» **Given data**
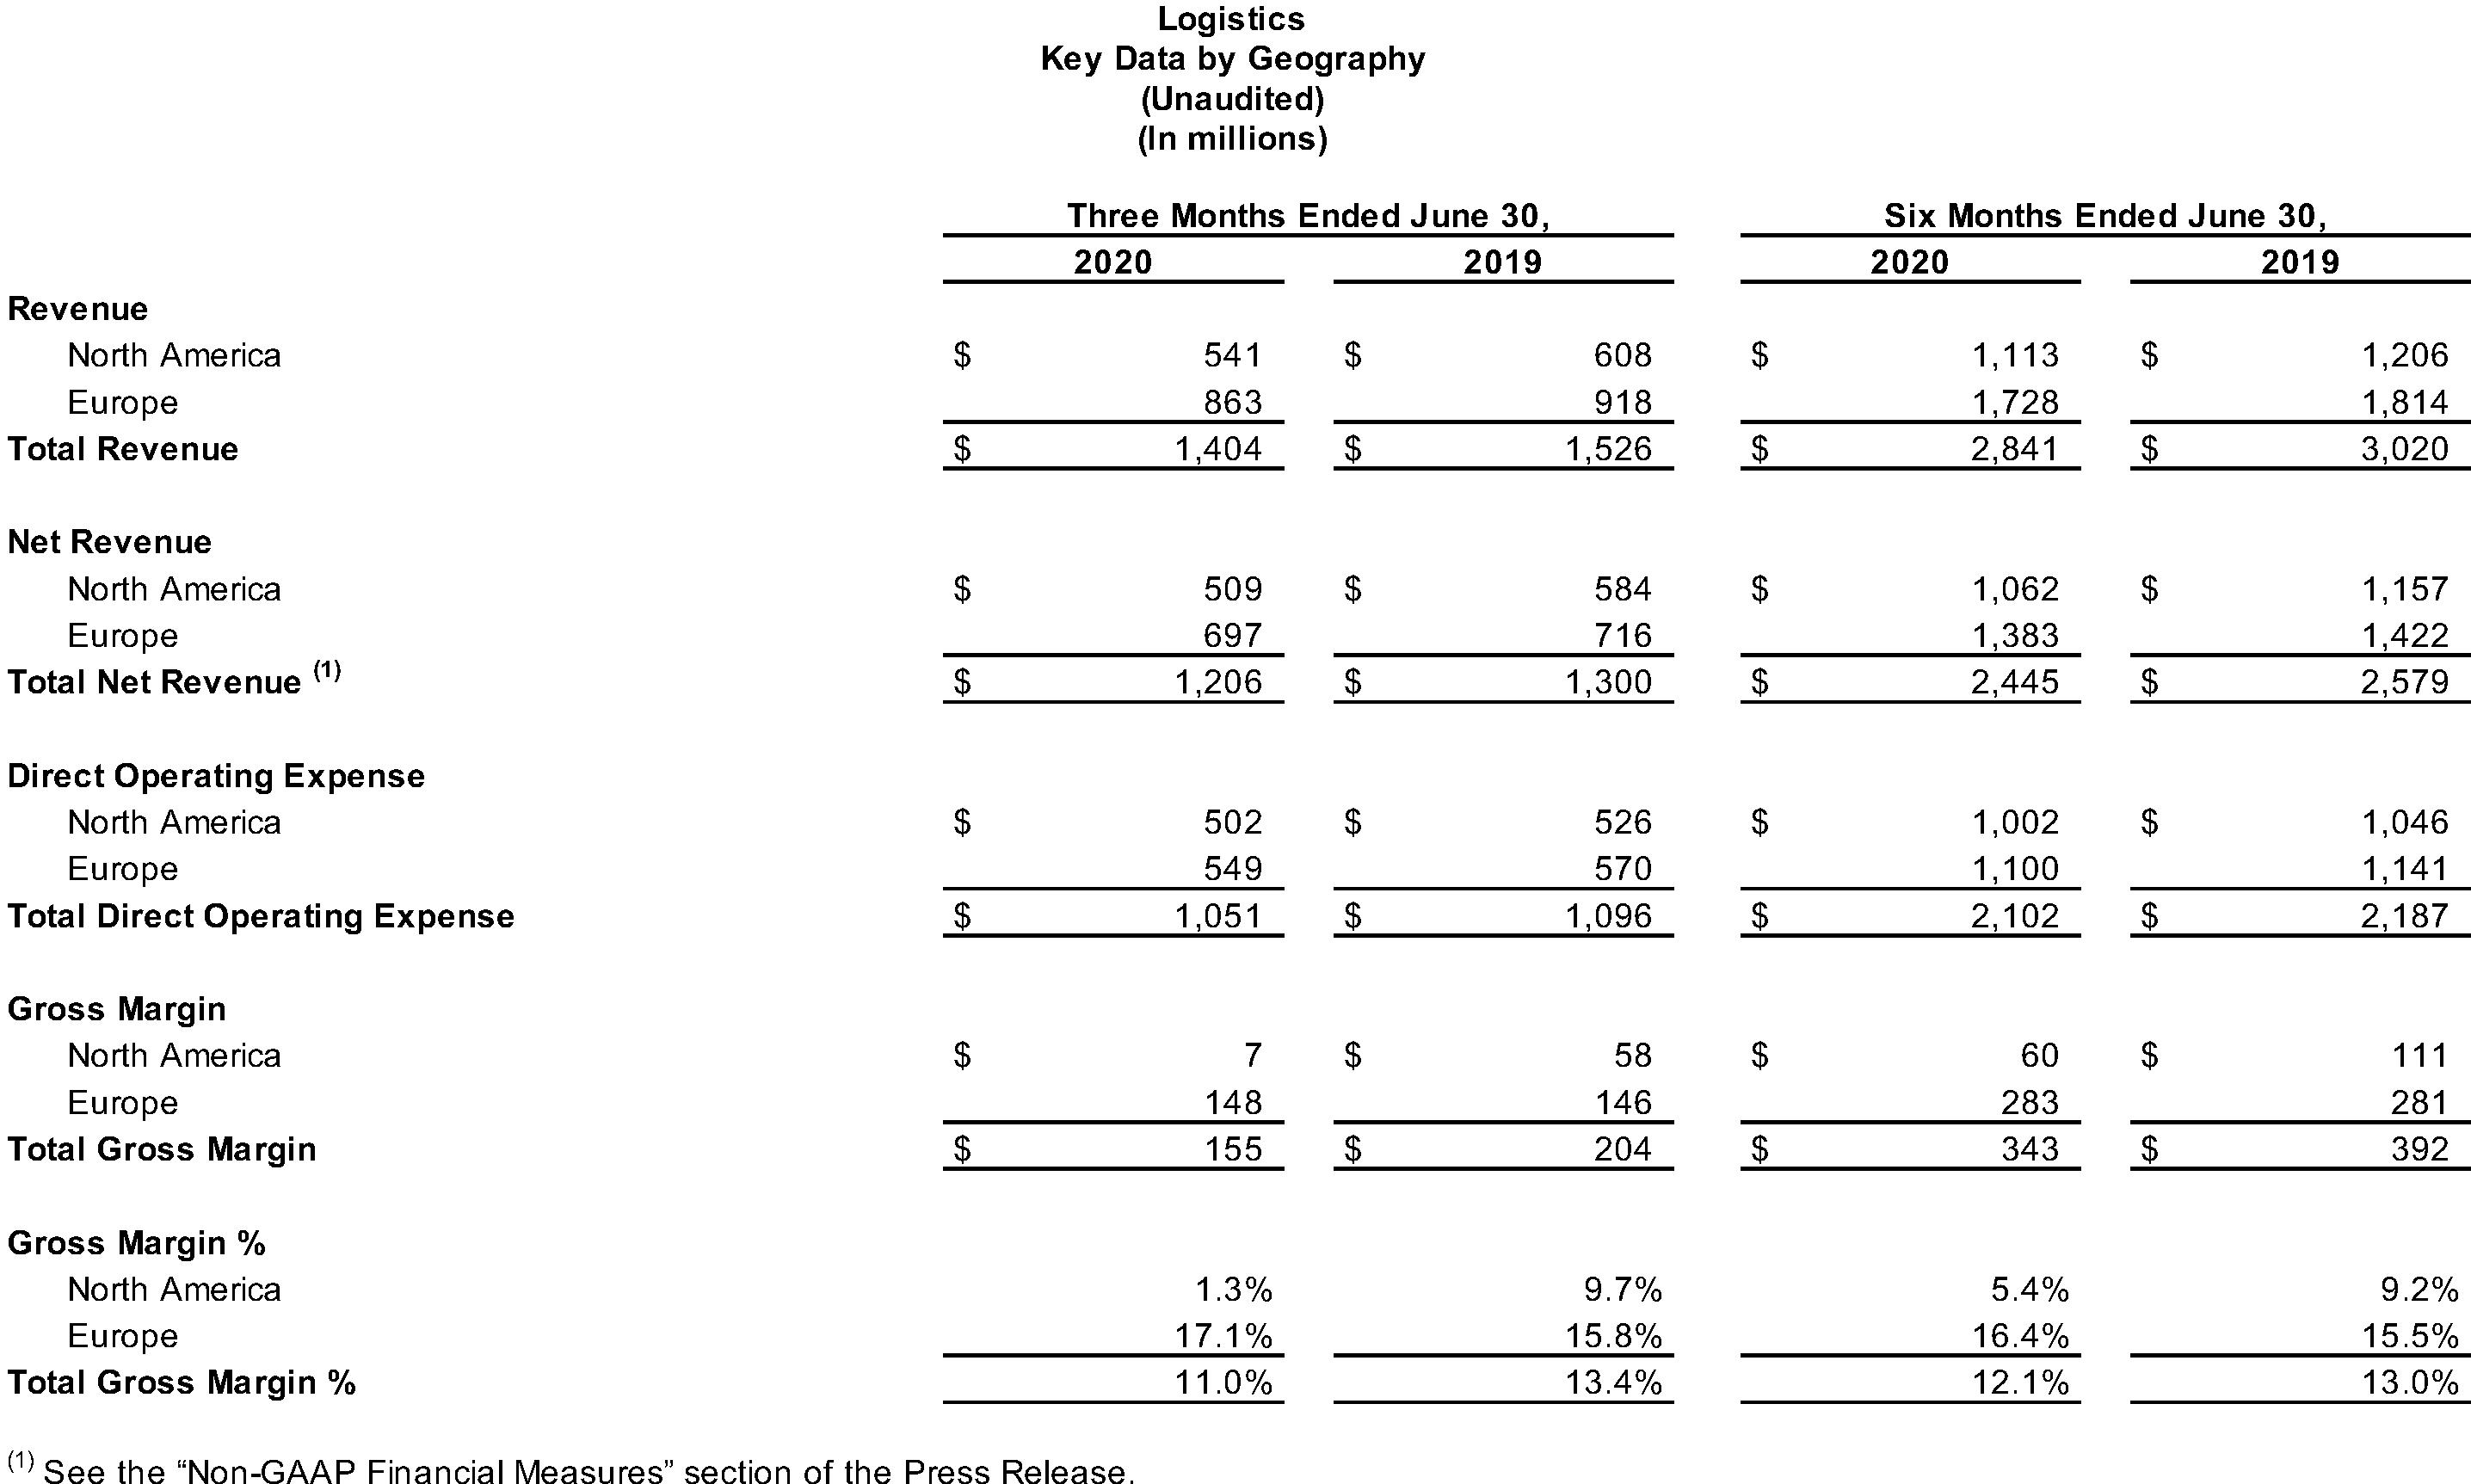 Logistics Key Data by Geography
...
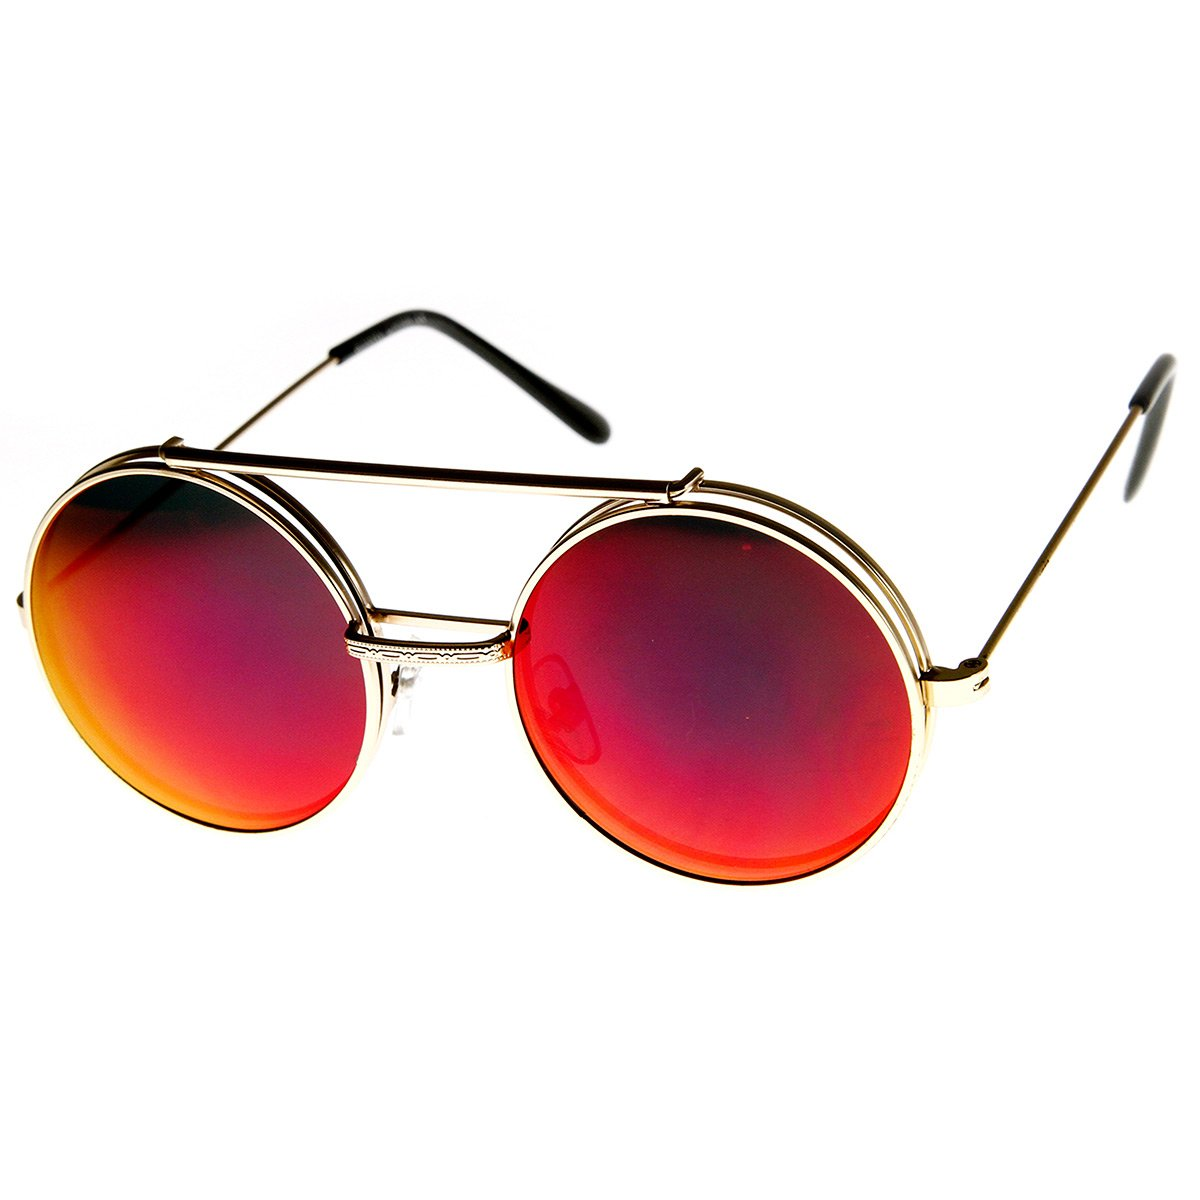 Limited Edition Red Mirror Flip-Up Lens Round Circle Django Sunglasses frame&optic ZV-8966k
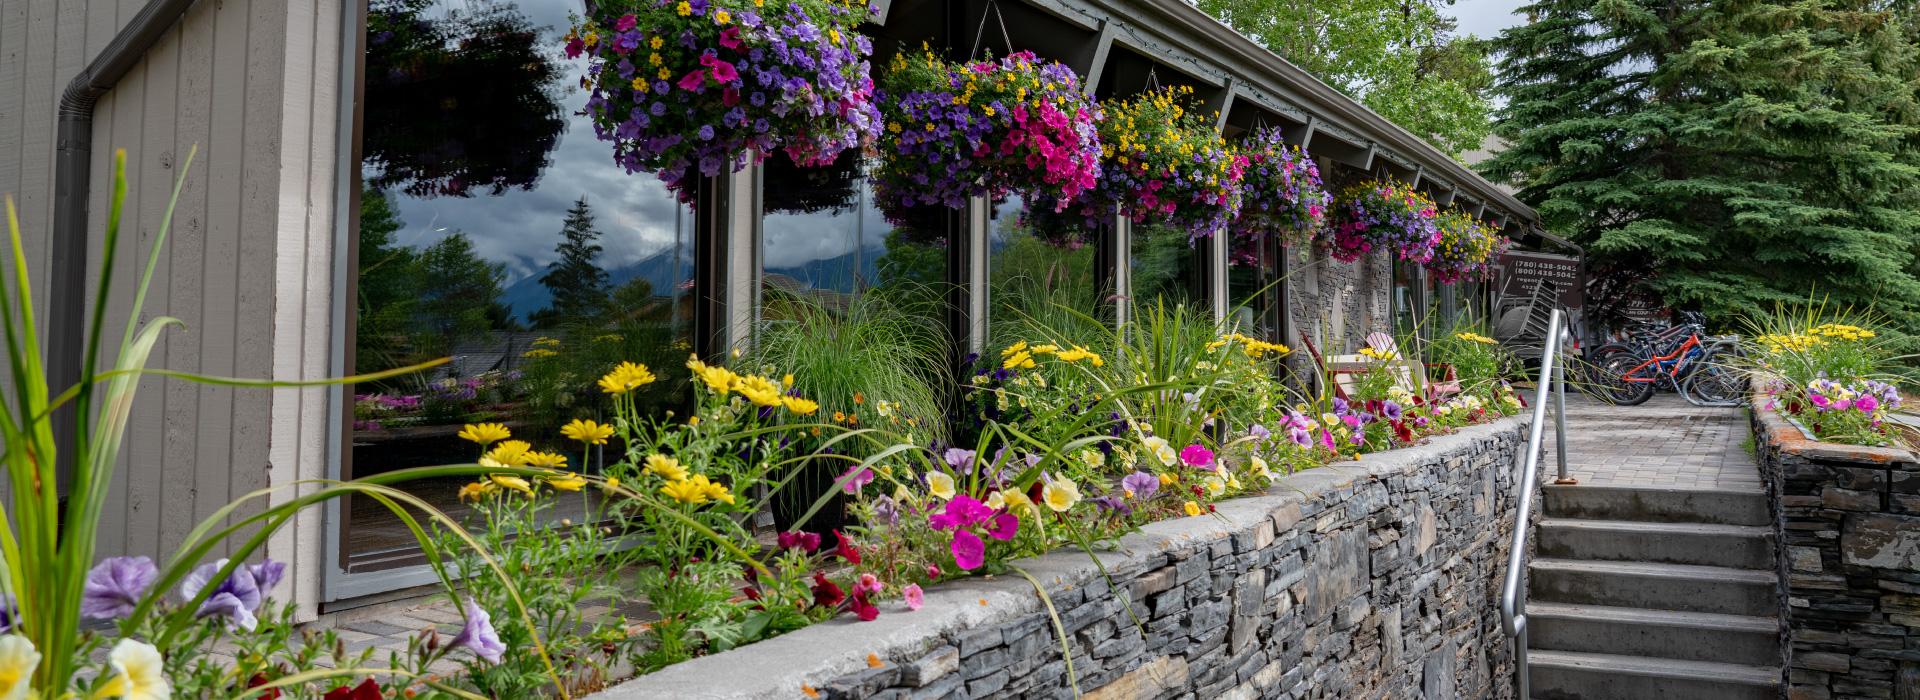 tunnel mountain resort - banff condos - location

» **What is needed**
Above is the material; set down exactly its lines from the one containing "Limited Edition Red" down to the one containing "tunnel mountain resort", both included, leaving out any pictures.

» **Output**
 Limited Edition Red Mirror Flip-Up Lens Round Circle Django Sunglasses frame&optic ZV-8966k
 tunnel mountain resort - banff condos - location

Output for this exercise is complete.